I bought a Clarks grease gun and a cassette of grease yesterday from Machine Mart yesterday.
https://www.machinemart.co.uk/p/cgg400- ... rease-gun/
Screen Shot 2018-01-19 at 06.13.48.png


The chuck is a four jaw item and is very tight on the grease nipple, in fact it's quite a tug to get off.
I fitted the cassette tube of grease easily as per the instructions. To bleed it? It didn't seem necessary at all.

The instructions tell you to pull the plunger back and lock it, then fill the grease gun and to fit the gun end but unscrew it a few turns. push the rod into the gun and pump the handle until grease comes out. Then screw the gun end tight.

That's all, and it works brilliantly and I'm very pleased with my purchase so it's highly recommended.



Comparisons to my old grease gun:

Old, three jaw chuck that is very worn indeed.
New, four jaw and very tight and seals perfectly.

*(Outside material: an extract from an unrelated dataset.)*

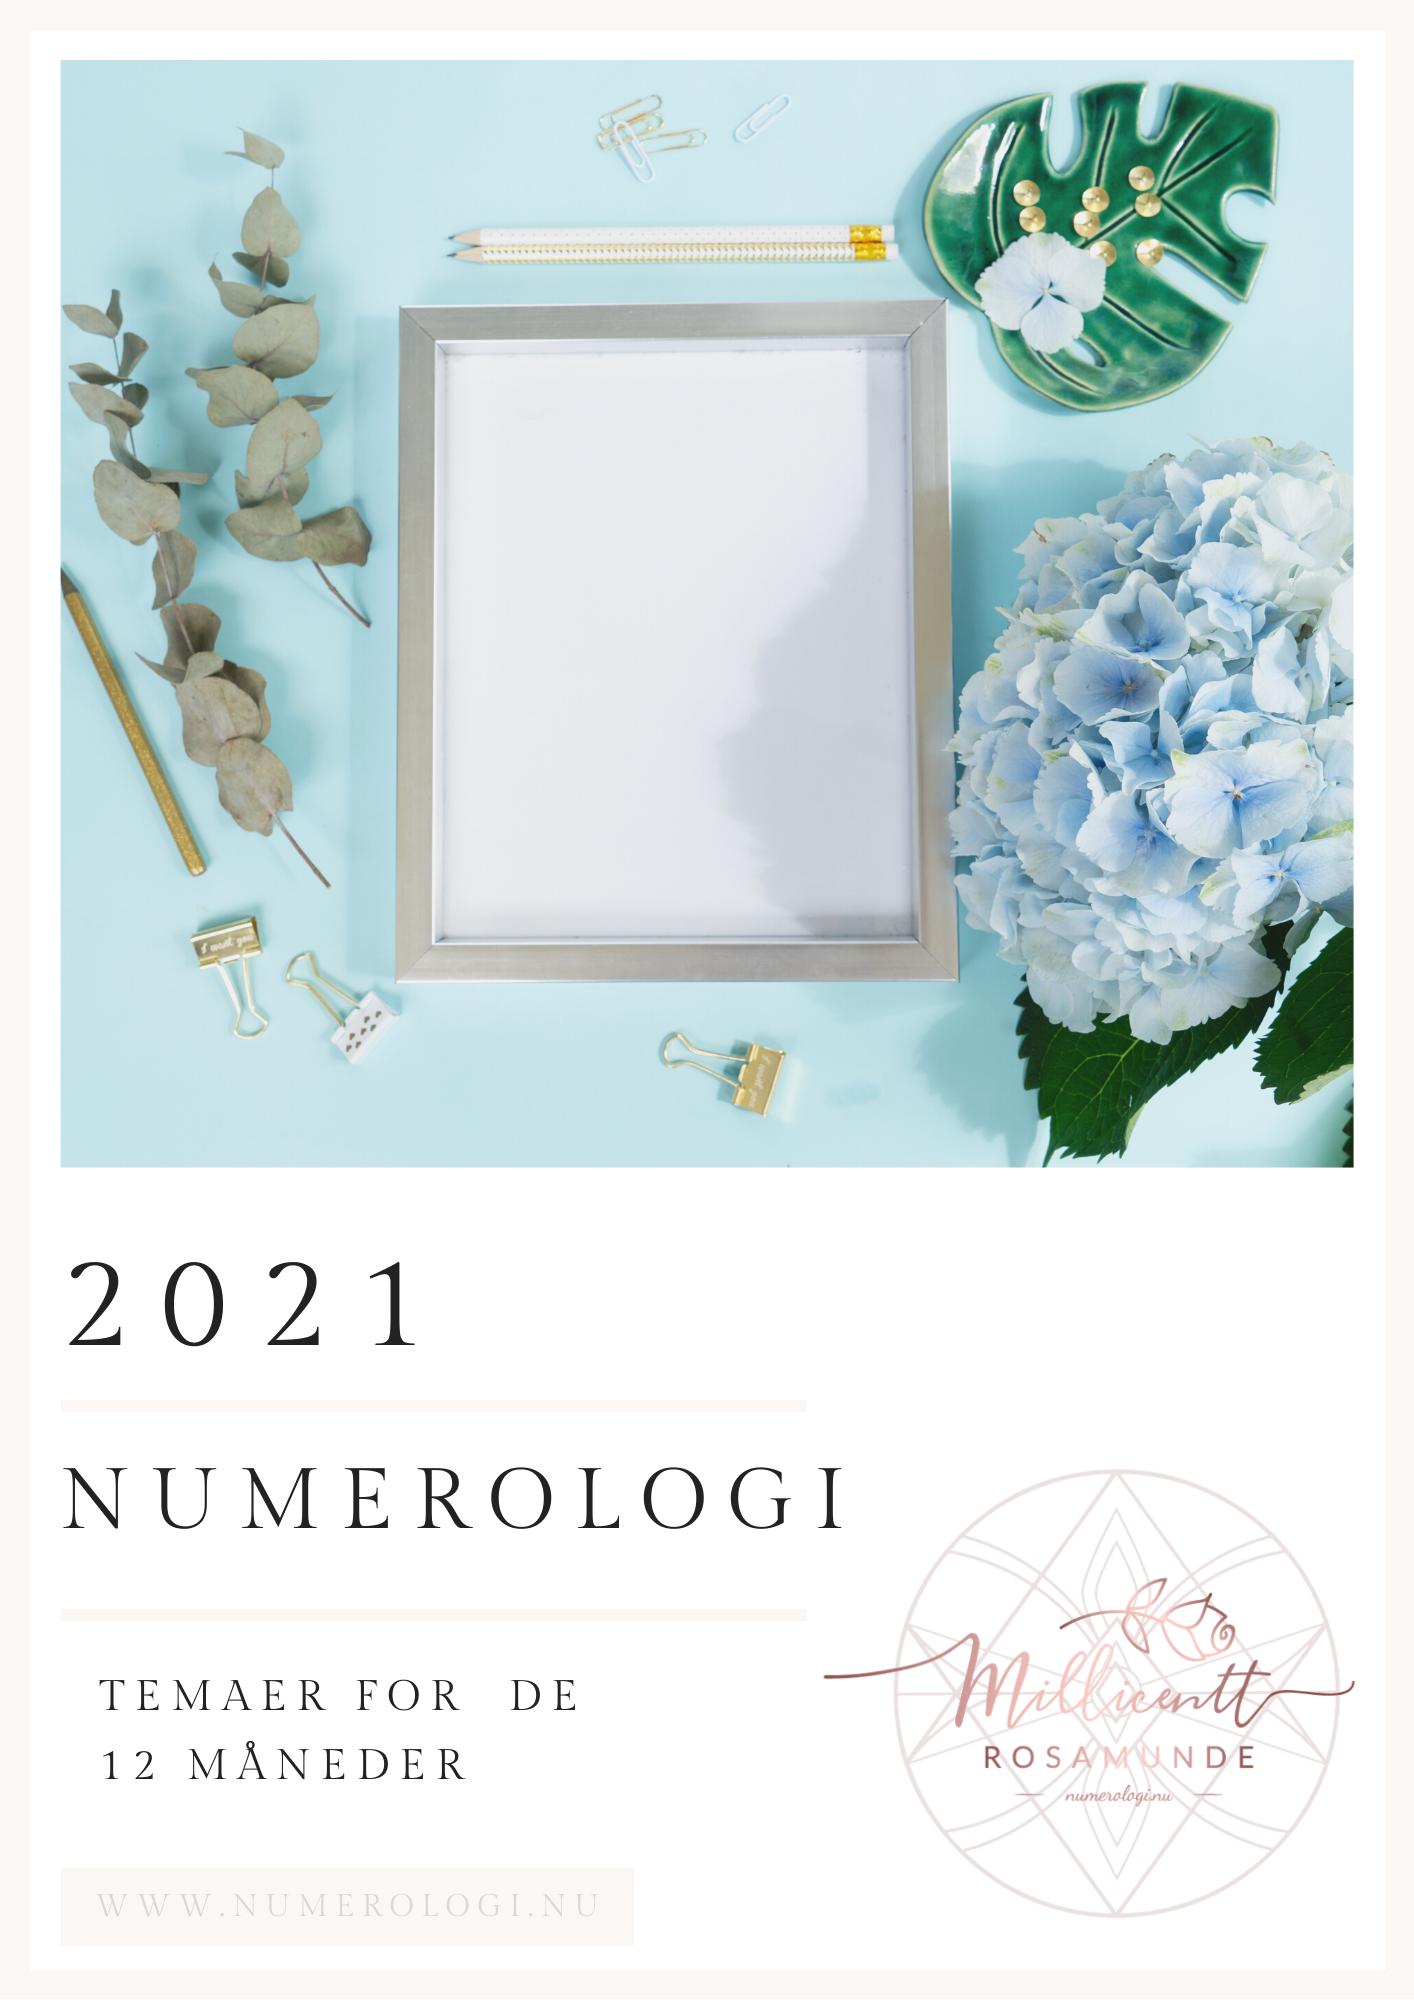 Numerologisk tema og energi i år 2021 - den klassiske numerologi - Millicentt Rosamunde Ét produkt pr. grundenergi.

Old, the plunger piston seal is worn and probably leaks or doesn't give enough pressure.
New, the plunger piston is tight and gives a very good seal.

Old, the plunger spring is weak.
New, the plunger spring takes some pulling!

................. and the new grease gun is much bigger.

I'll be chucking metal bits of the old gun in the recycling bin.